Set down each line of the data exactly, but not the pictures.

» Recorded information:
-.-.-
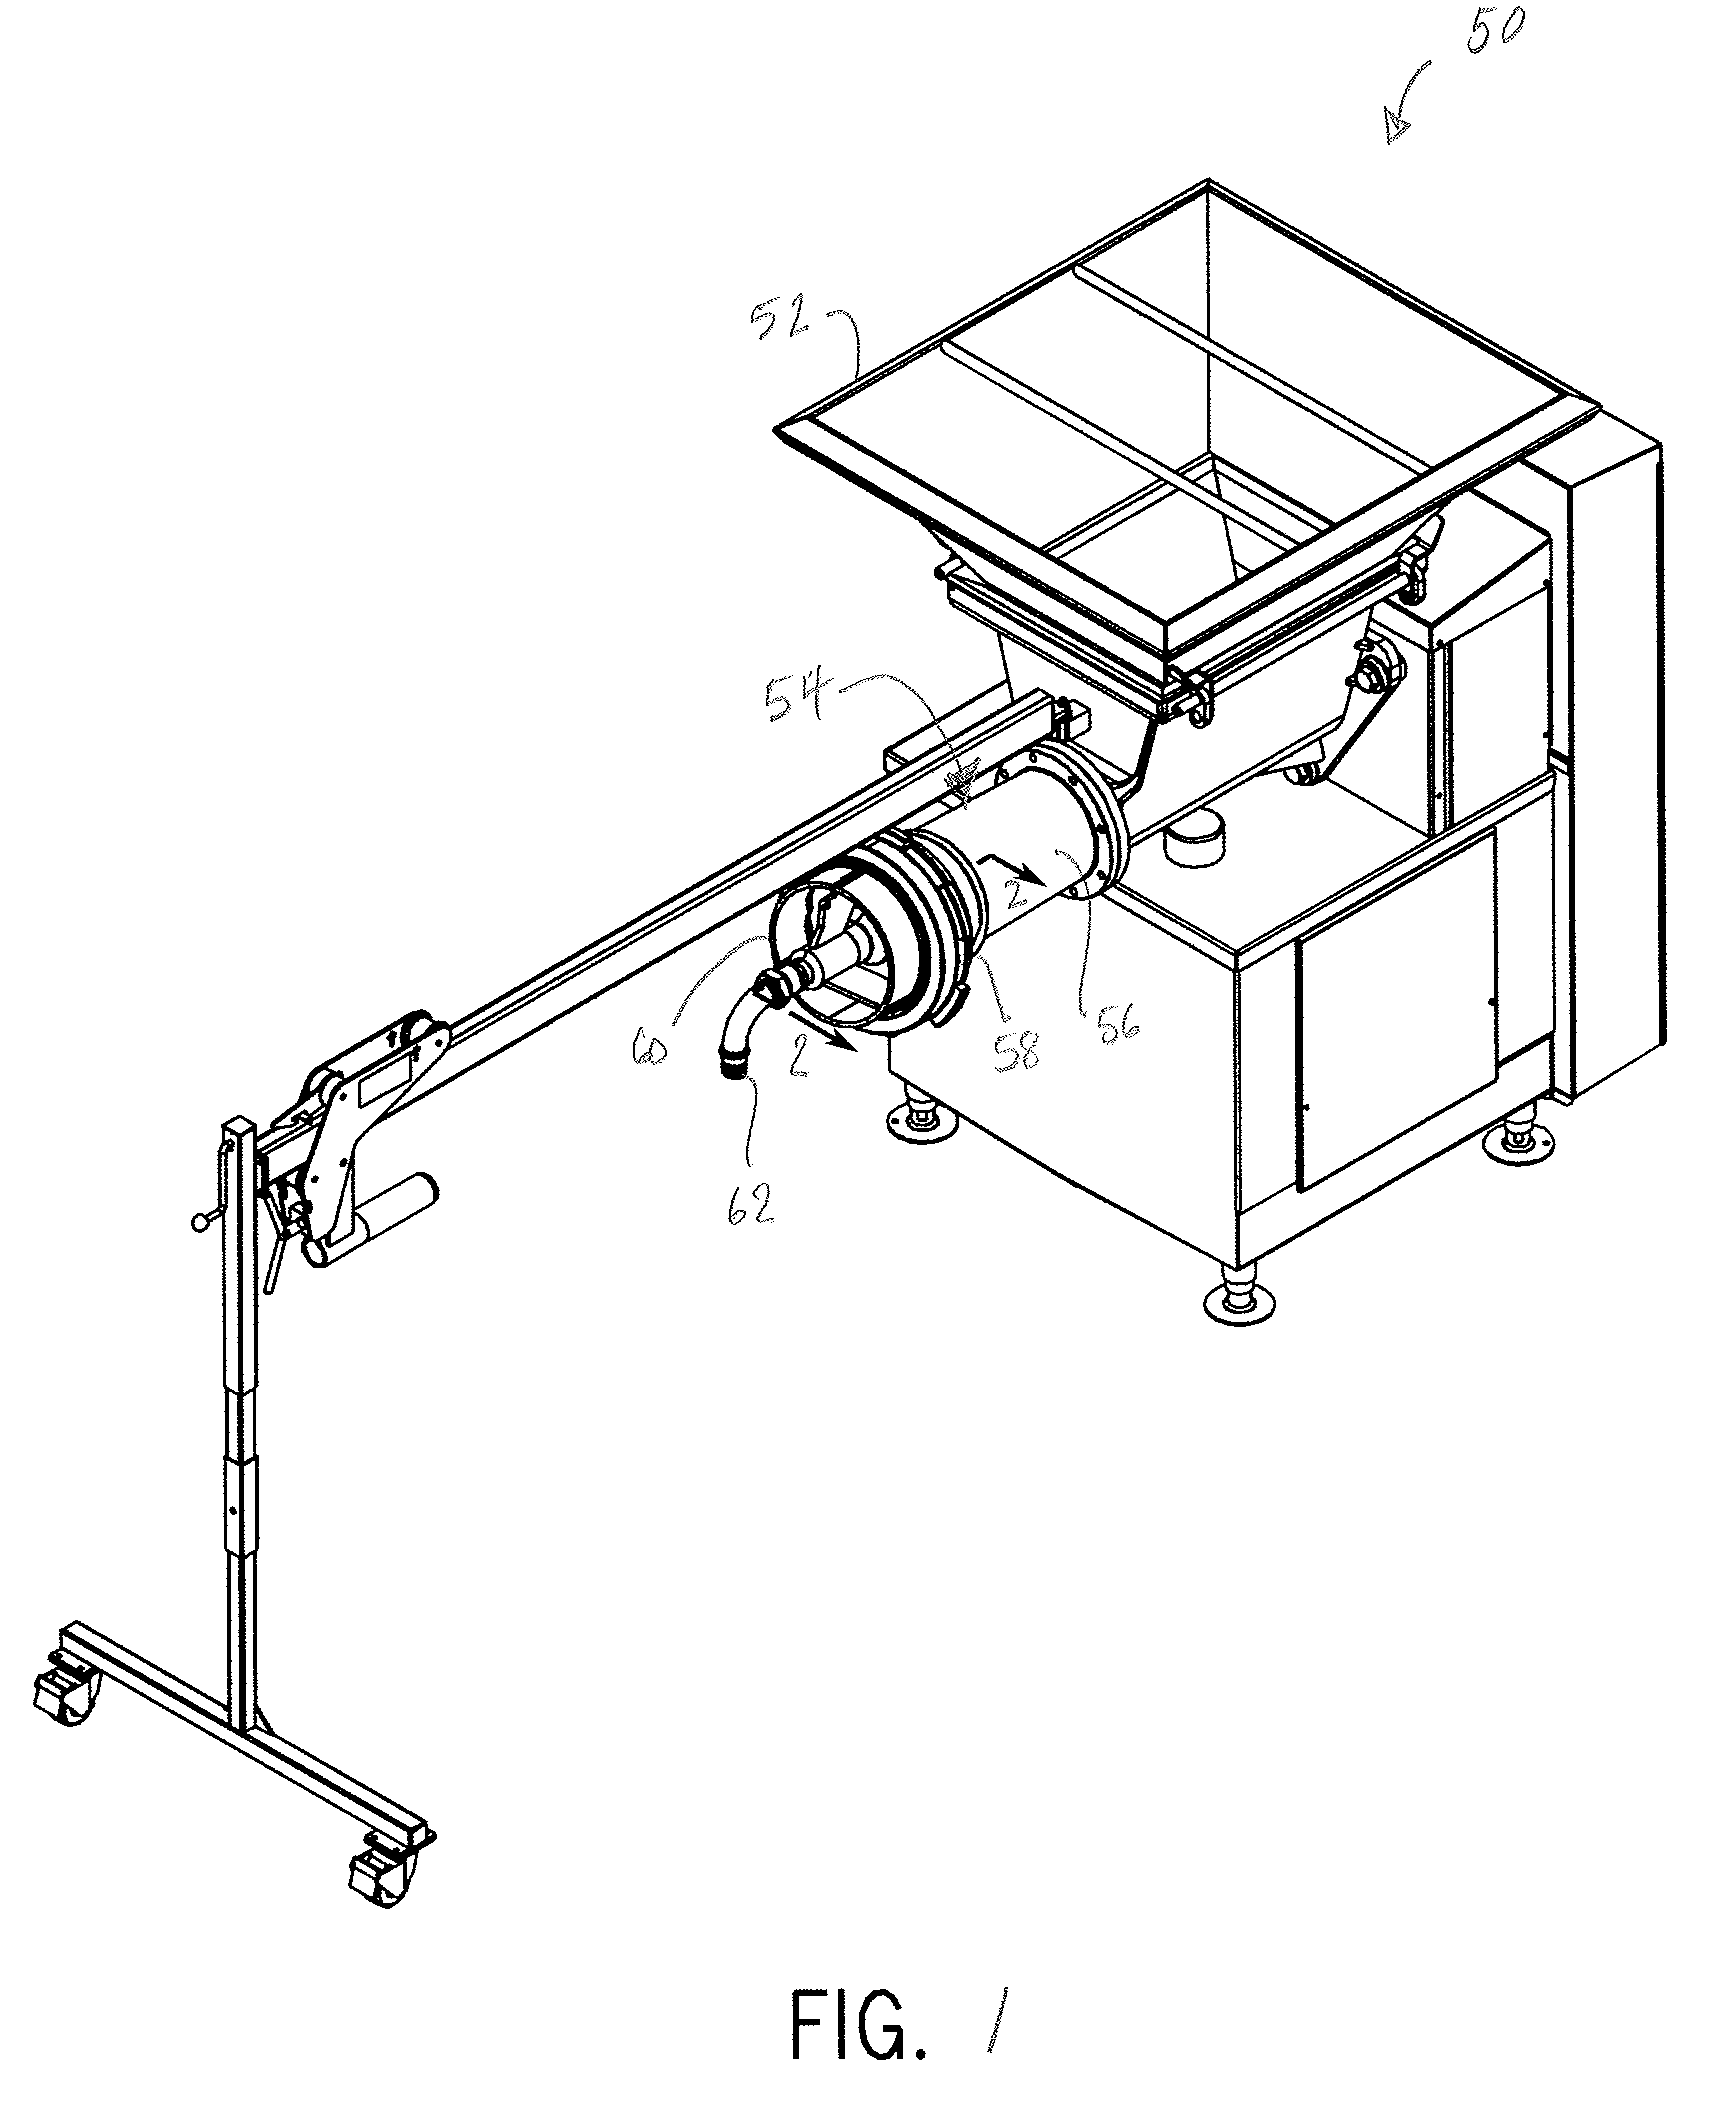 Secondary grinding section for an orifice plate of a grinding machine
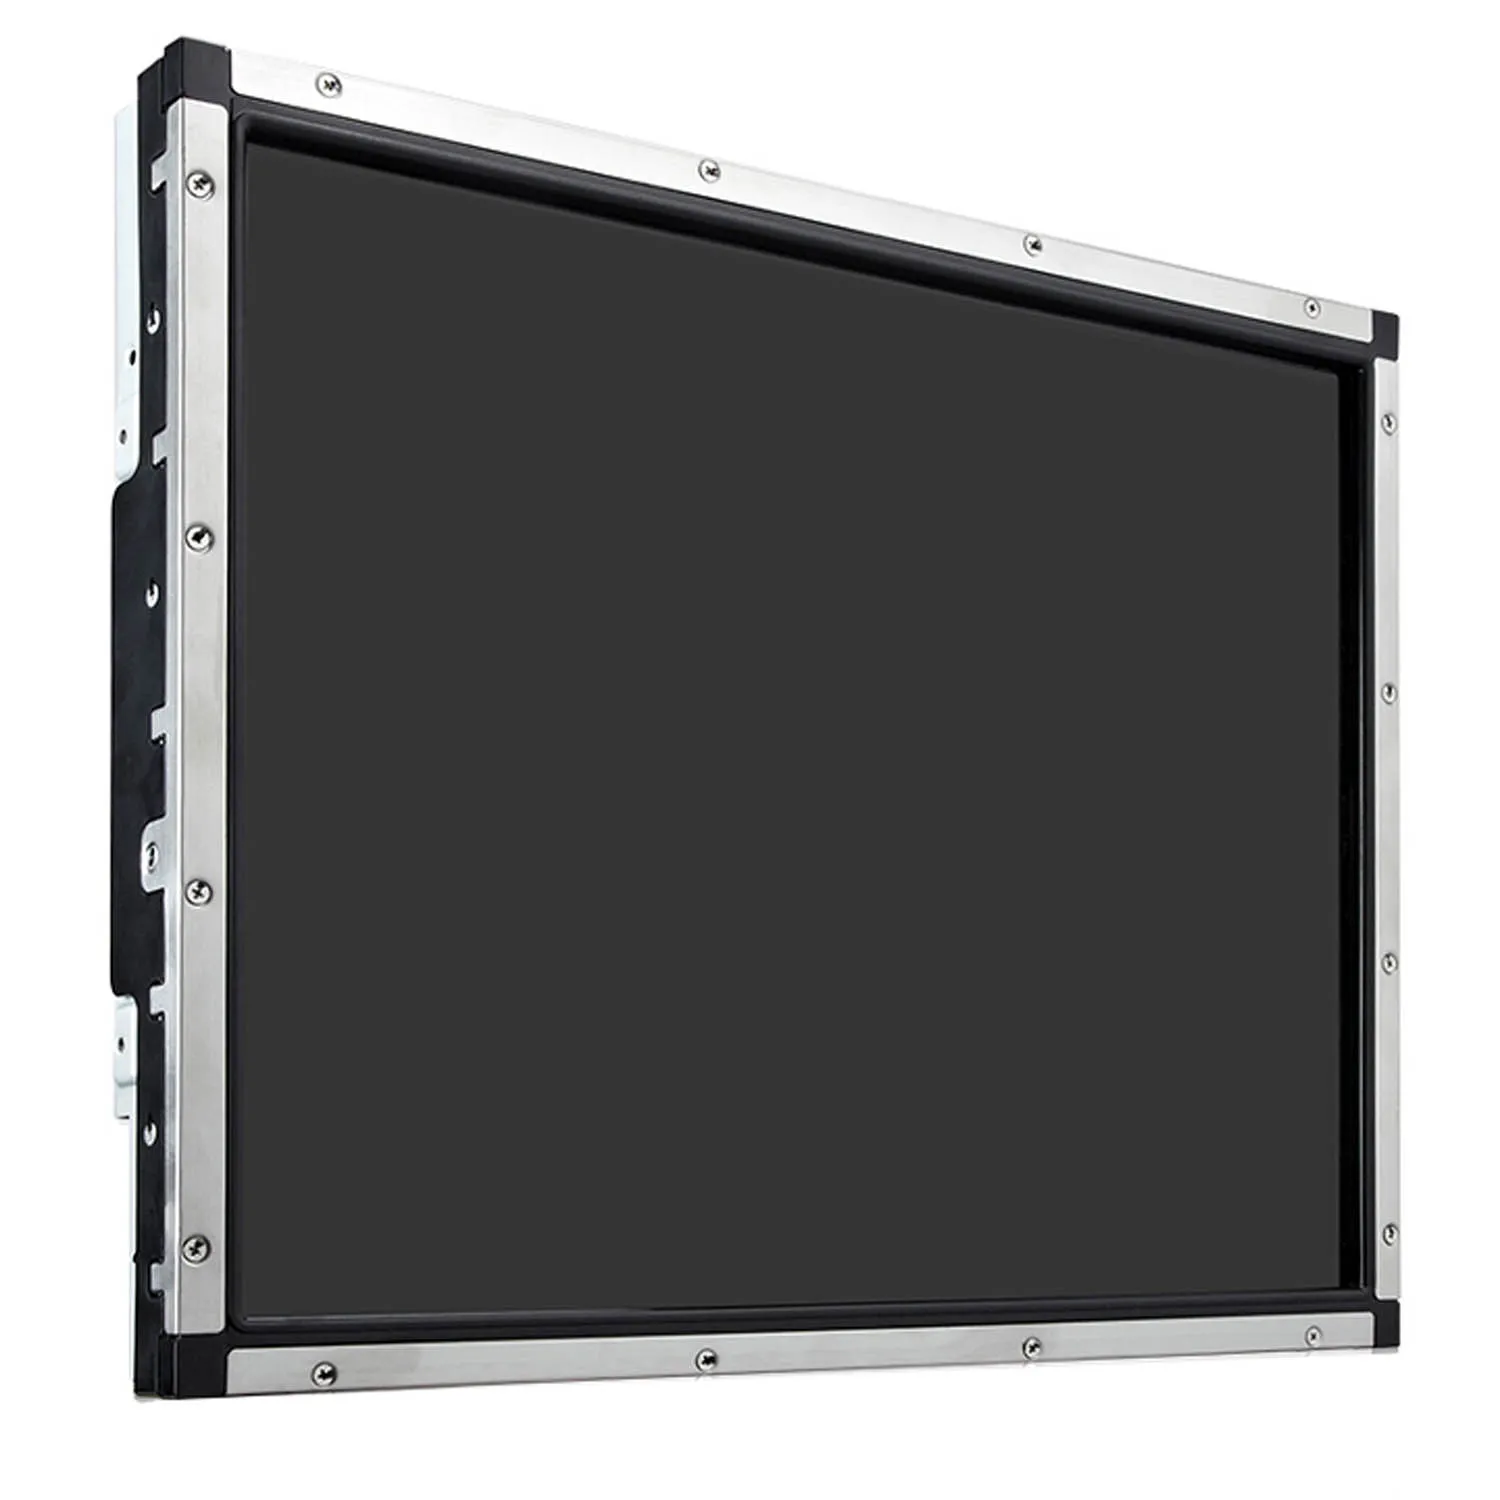 INDUSTRIAL OPEN FRAME NON-TOUCH MONITOR 17" KM-170-NW0S001
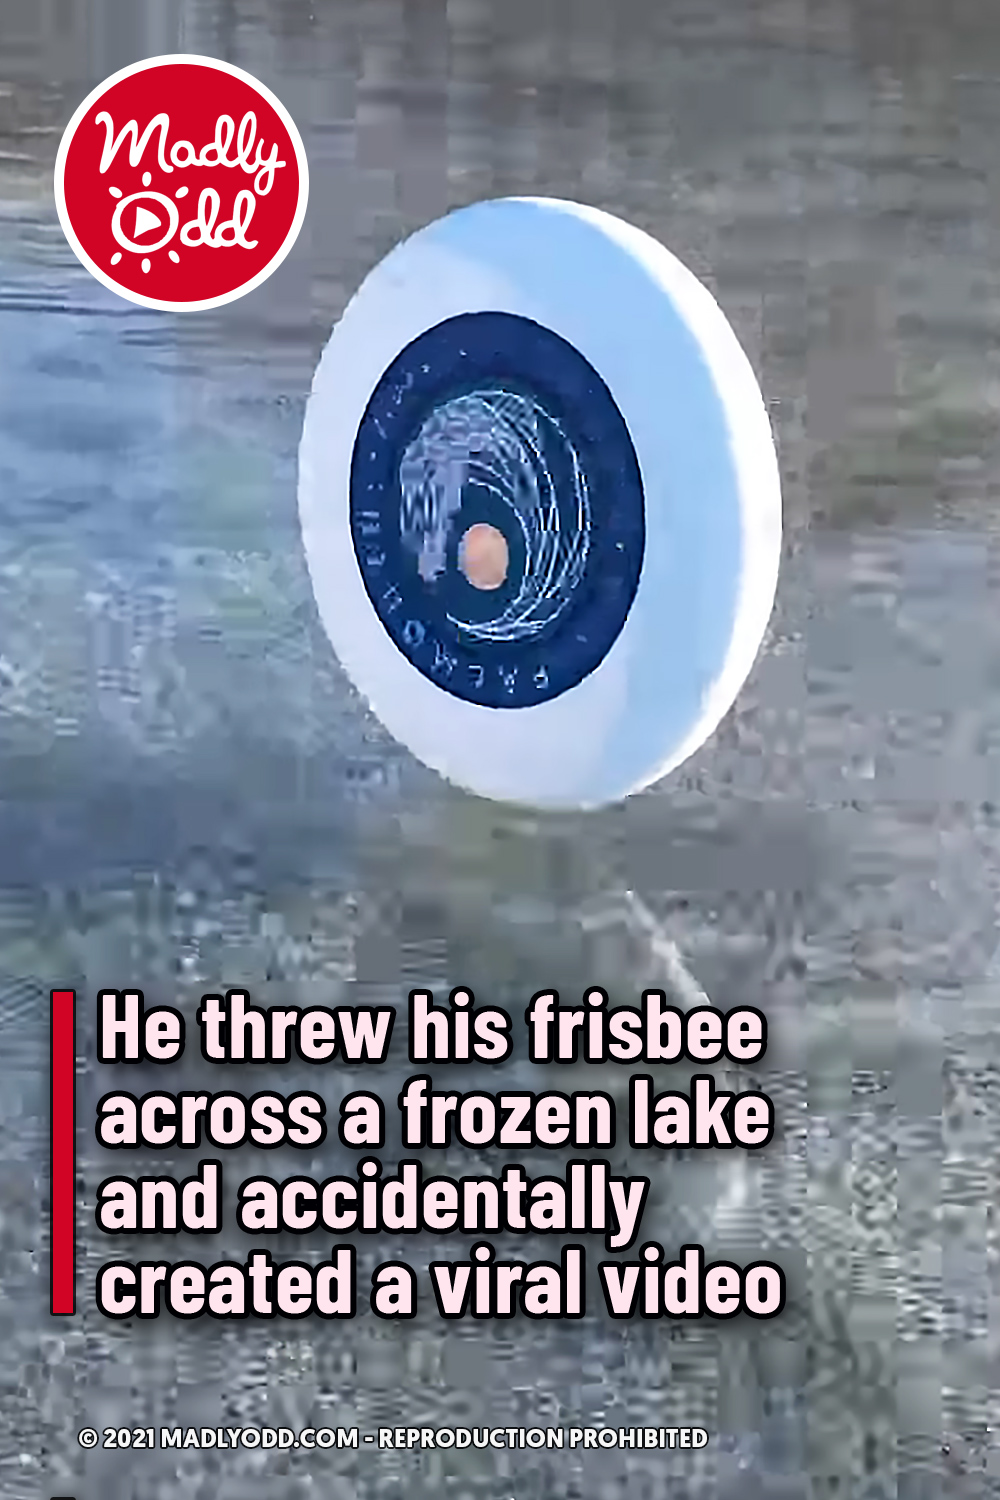 He threw his frisbee across a frozen lake and accidentally created a viral video
-.-.-
» Response to this task:
 Secondary grinding section for an orifice plate of a grinding machine
 INDUSTRIAL OPEN FRAME NON-TOUCH MONITOR 17" KM-170-NW0S001
 He threw his frisbee across a frozen lake and accidentally created a viral video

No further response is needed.